Repeat exactly the lines from the line containing "A baby boy fast" through the last line of the records below, inclusive, and nothing else.

▼

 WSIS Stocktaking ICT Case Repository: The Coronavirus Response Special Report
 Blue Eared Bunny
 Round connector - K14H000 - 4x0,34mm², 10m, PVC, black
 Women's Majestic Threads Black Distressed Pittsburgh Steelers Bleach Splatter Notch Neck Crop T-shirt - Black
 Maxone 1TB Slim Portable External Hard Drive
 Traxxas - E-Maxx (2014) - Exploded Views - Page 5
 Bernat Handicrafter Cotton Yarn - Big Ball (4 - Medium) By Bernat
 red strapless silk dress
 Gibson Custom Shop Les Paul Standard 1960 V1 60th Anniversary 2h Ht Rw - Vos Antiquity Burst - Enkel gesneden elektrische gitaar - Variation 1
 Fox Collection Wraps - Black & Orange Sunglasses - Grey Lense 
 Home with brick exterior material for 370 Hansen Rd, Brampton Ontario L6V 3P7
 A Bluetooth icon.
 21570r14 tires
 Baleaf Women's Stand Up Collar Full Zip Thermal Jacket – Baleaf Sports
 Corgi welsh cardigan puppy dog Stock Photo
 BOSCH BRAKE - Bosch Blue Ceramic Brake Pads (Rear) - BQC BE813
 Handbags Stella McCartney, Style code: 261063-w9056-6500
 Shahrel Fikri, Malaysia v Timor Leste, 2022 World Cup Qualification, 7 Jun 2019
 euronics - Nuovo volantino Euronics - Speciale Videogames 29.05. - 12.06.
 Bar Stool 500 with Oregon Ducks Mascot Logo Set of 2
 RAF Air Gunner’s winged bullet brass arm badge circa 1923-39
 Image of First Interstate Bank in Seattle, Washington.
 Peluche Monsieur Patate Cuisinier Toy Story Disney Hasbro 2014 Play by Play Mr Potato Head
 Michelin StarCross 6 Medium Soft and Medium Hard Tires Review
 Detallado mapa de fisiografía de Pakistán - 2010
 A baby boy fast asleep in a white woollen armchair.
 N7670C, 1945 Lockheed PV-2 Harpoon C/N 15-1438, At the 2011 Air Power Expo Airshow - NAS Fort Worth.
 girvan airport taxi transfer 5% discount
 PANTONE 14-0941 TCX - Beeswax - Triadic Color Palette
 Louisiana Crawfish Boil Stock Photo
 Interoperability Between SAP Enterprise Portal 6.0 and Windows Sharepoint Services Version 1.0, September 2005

▲

**The answer:**
 A baby boy fast asleep in a white woollen armchair.
 N7670C, 1945 Lockheed PV-2 Harpoon C/N 15-1438, At the 2011 Air Power Expo Airshow - NAS Fort Worth.
 girvan airport taxi transfer 5% discount
 PANTONE 14-0941 TCX - Beeswax - Triadic Color Palette
 Louisiana Crawfish Boil Stock Photo
 Interoperability Between SAP Enterprise Portal 6.0 and Windows Sharepoint Services Version 1.0, September 2005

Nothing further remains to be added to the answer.